* _WHAT YOU ARE ASKED TO DO_
Return the lines of the listing below exactly as they appear, beginning at the one with "Mode 1960er Jahre" and stopping after the one with "Un cuore dentro"; do not include pictures.

* _MATERIAL PROVIDED_
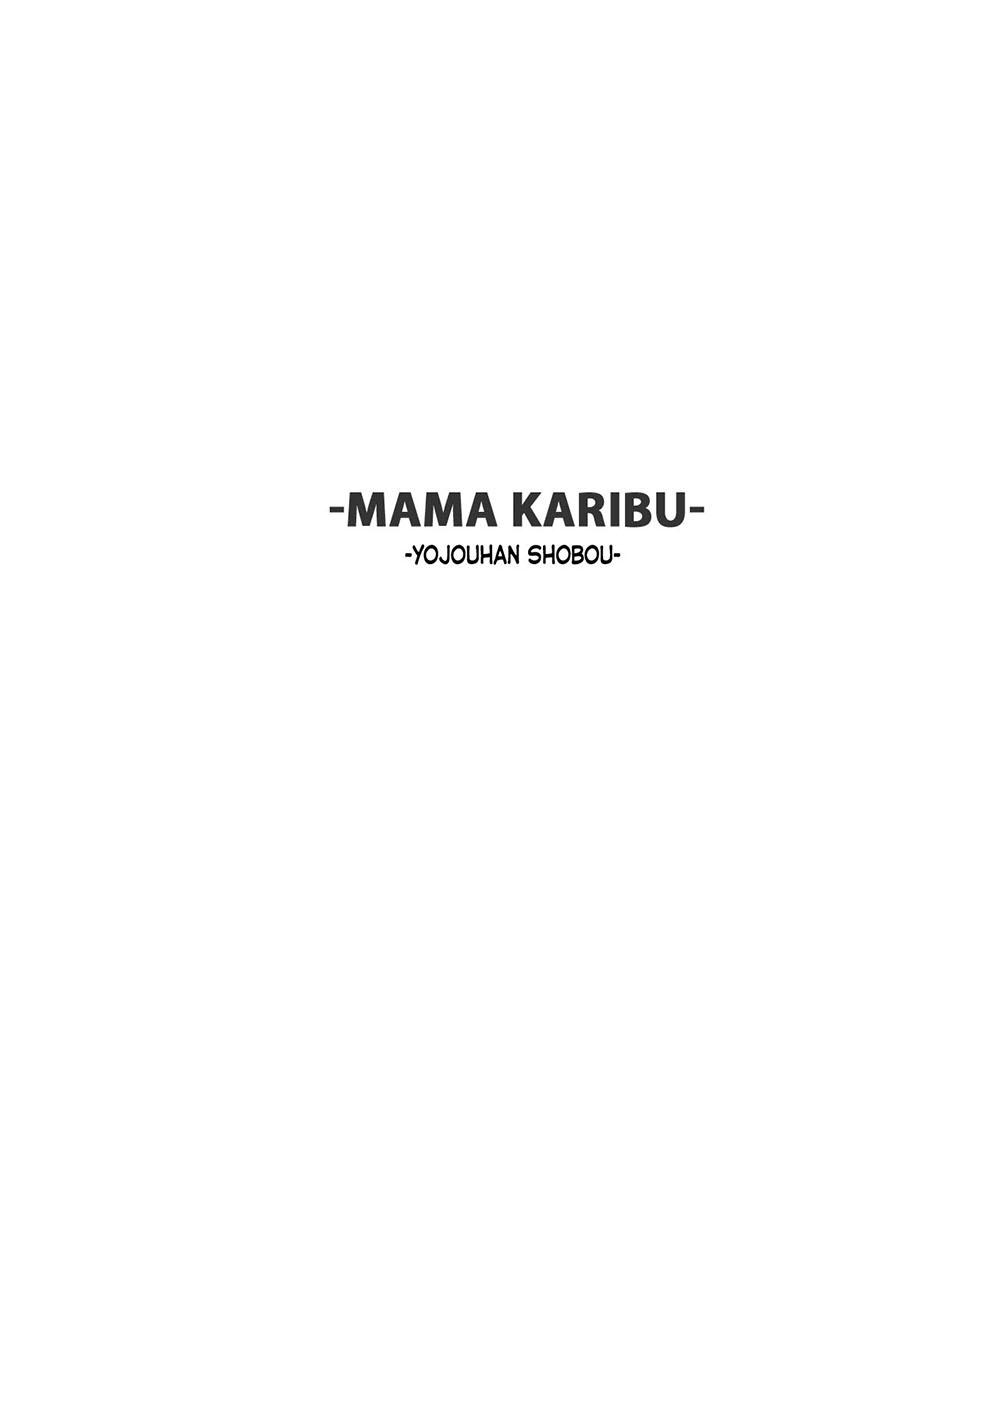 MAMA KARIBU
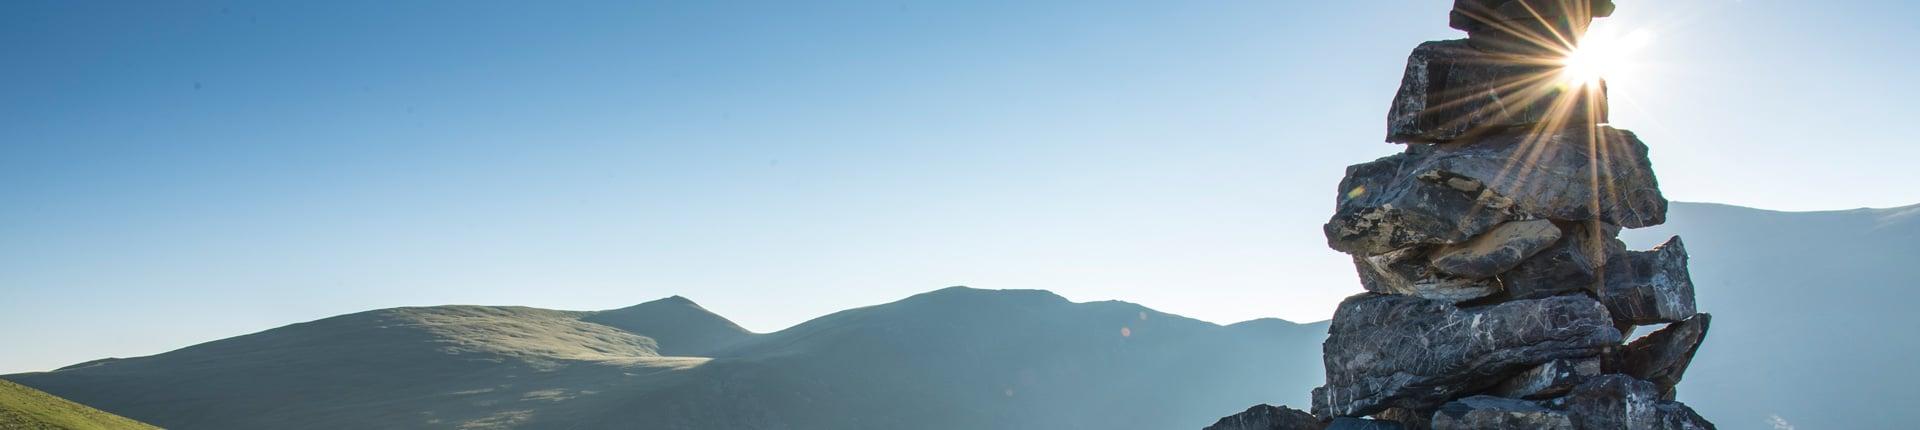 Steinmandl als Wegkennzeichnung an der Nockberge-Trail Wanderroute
---
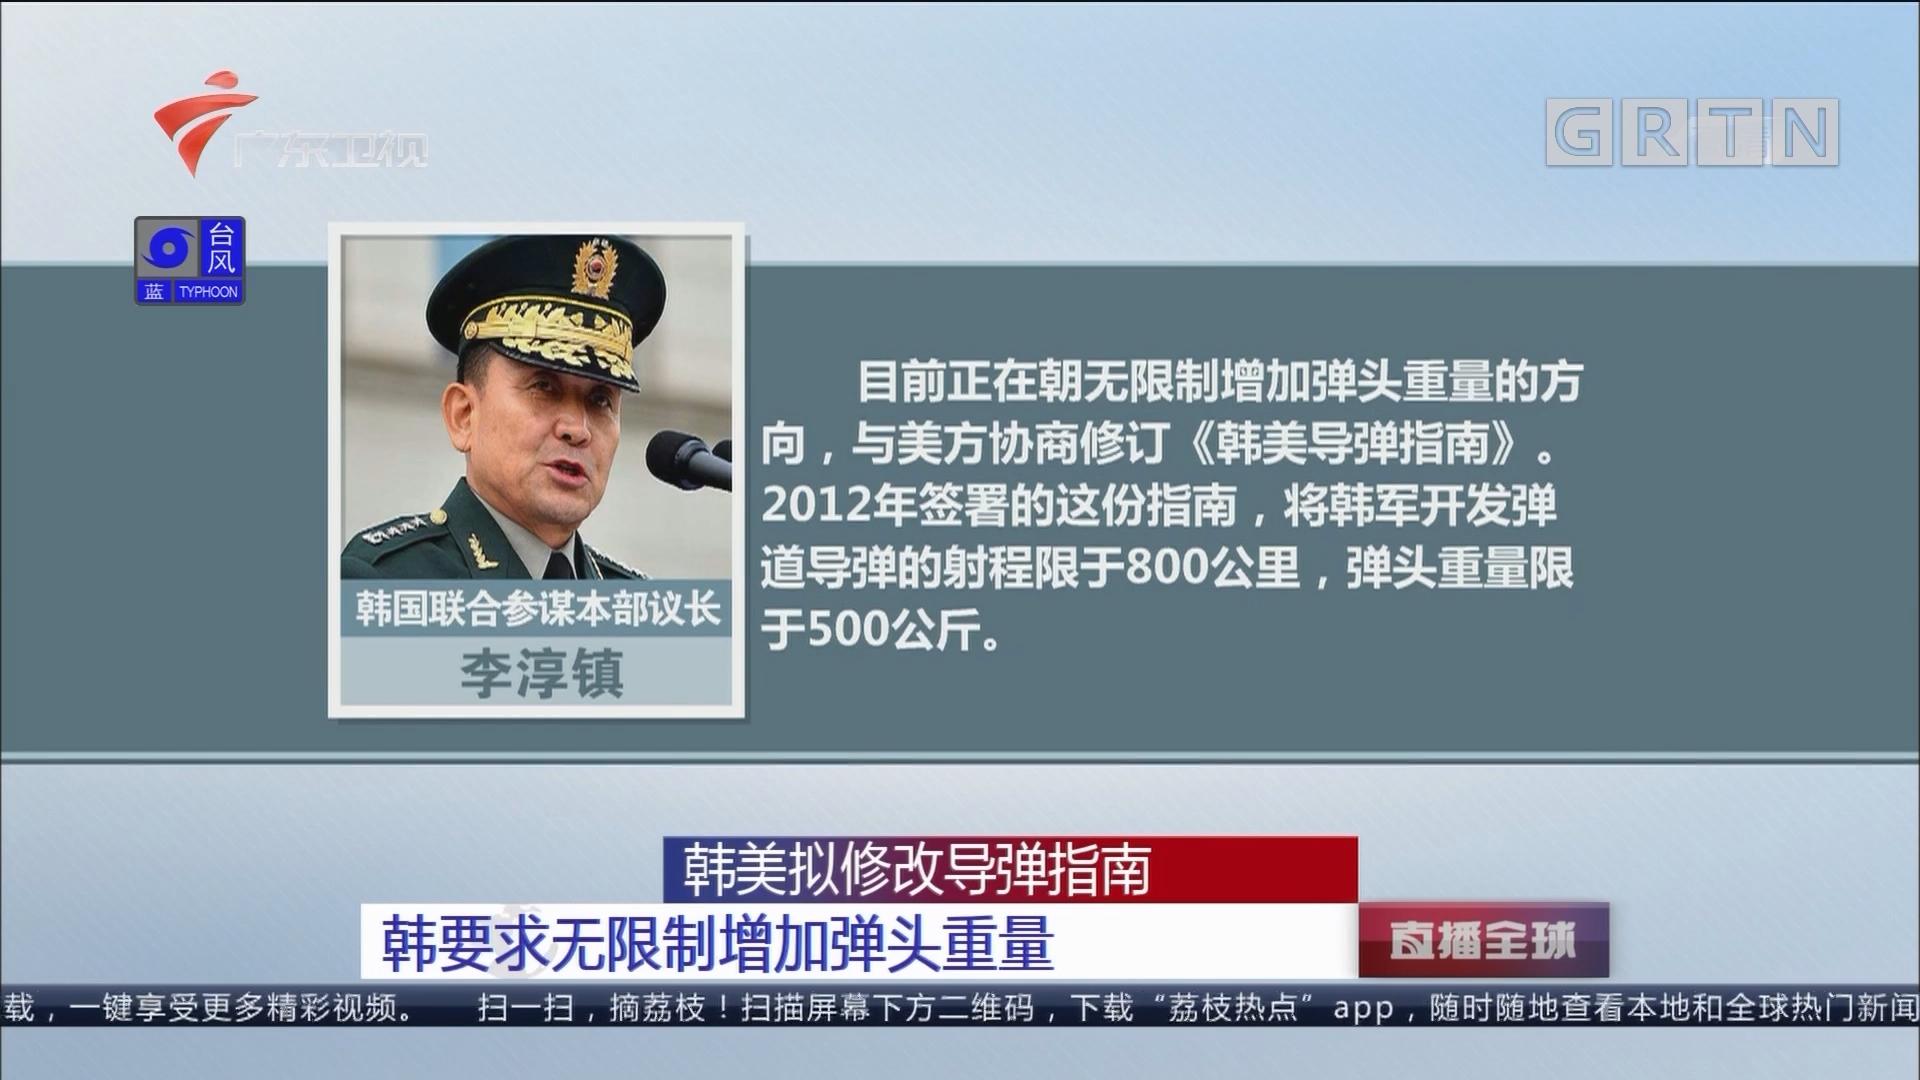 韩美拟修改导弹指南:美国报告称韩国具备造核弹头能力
...
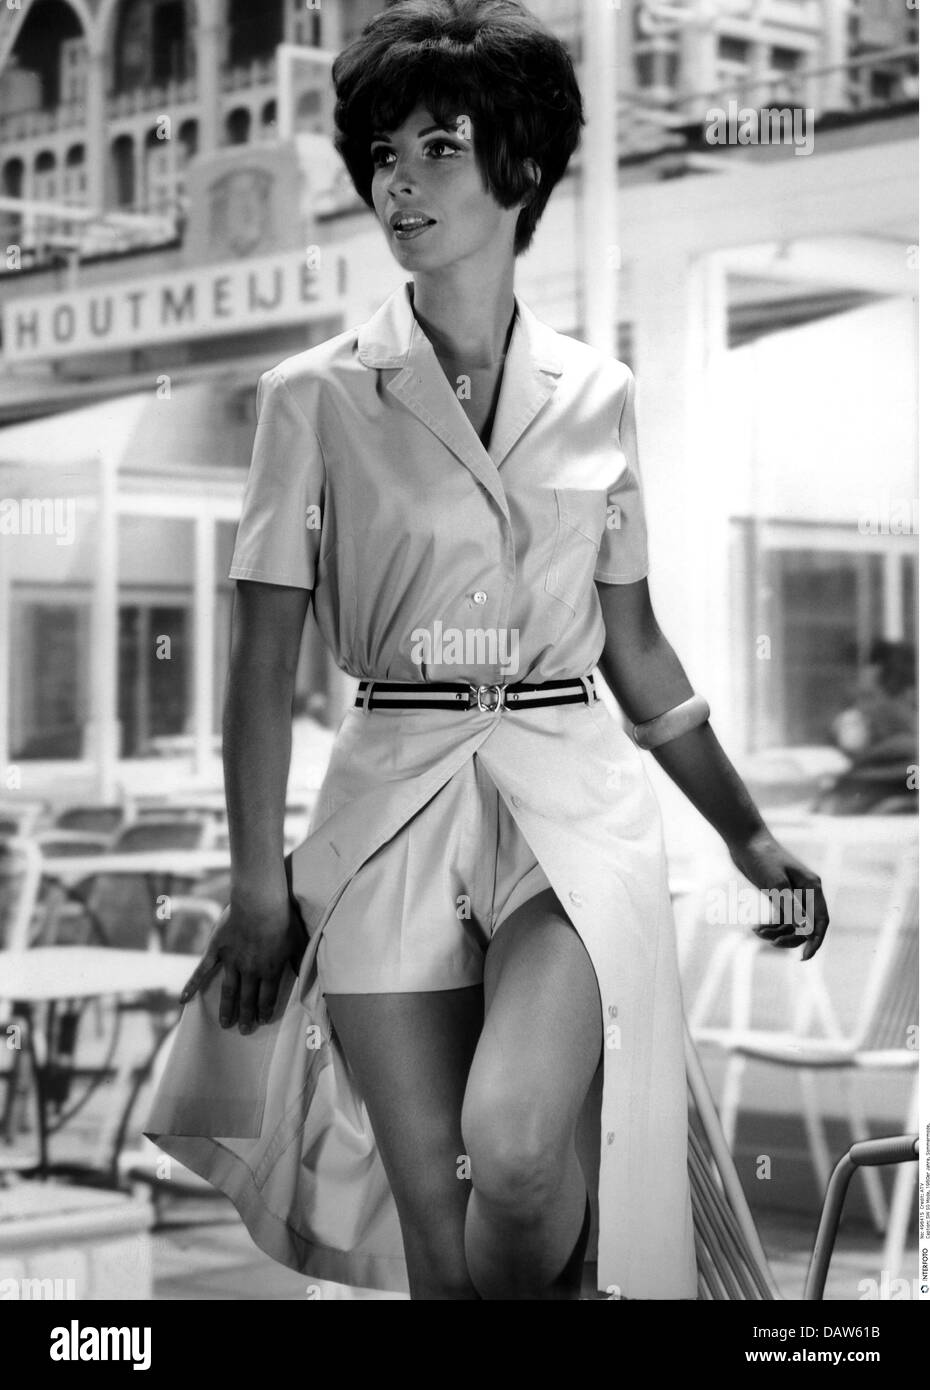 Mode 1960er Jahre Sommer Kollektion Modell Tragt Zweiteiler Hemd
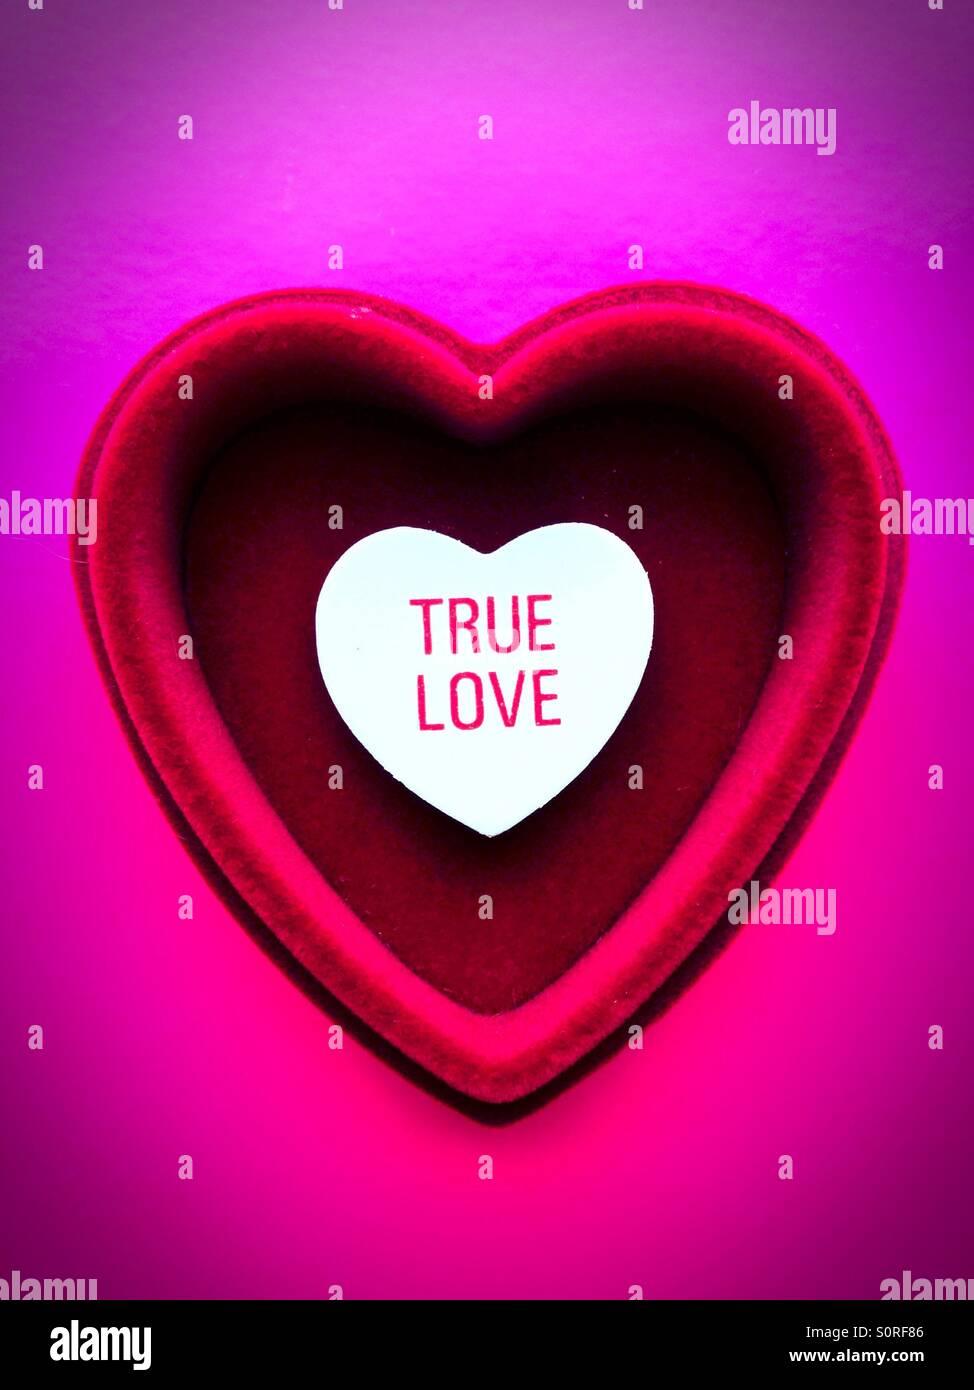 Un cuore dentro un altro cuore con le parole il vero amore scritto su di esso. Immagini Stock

* _SOLUTION FOR THIS TASK_
 Mode 1960er Jahre Sommer Kollektion Modell Tragt Zweiteiler Hemd
 Un cuore dentro un altro cuore con le parole il vero amore scritto su di esso. Immagini Stock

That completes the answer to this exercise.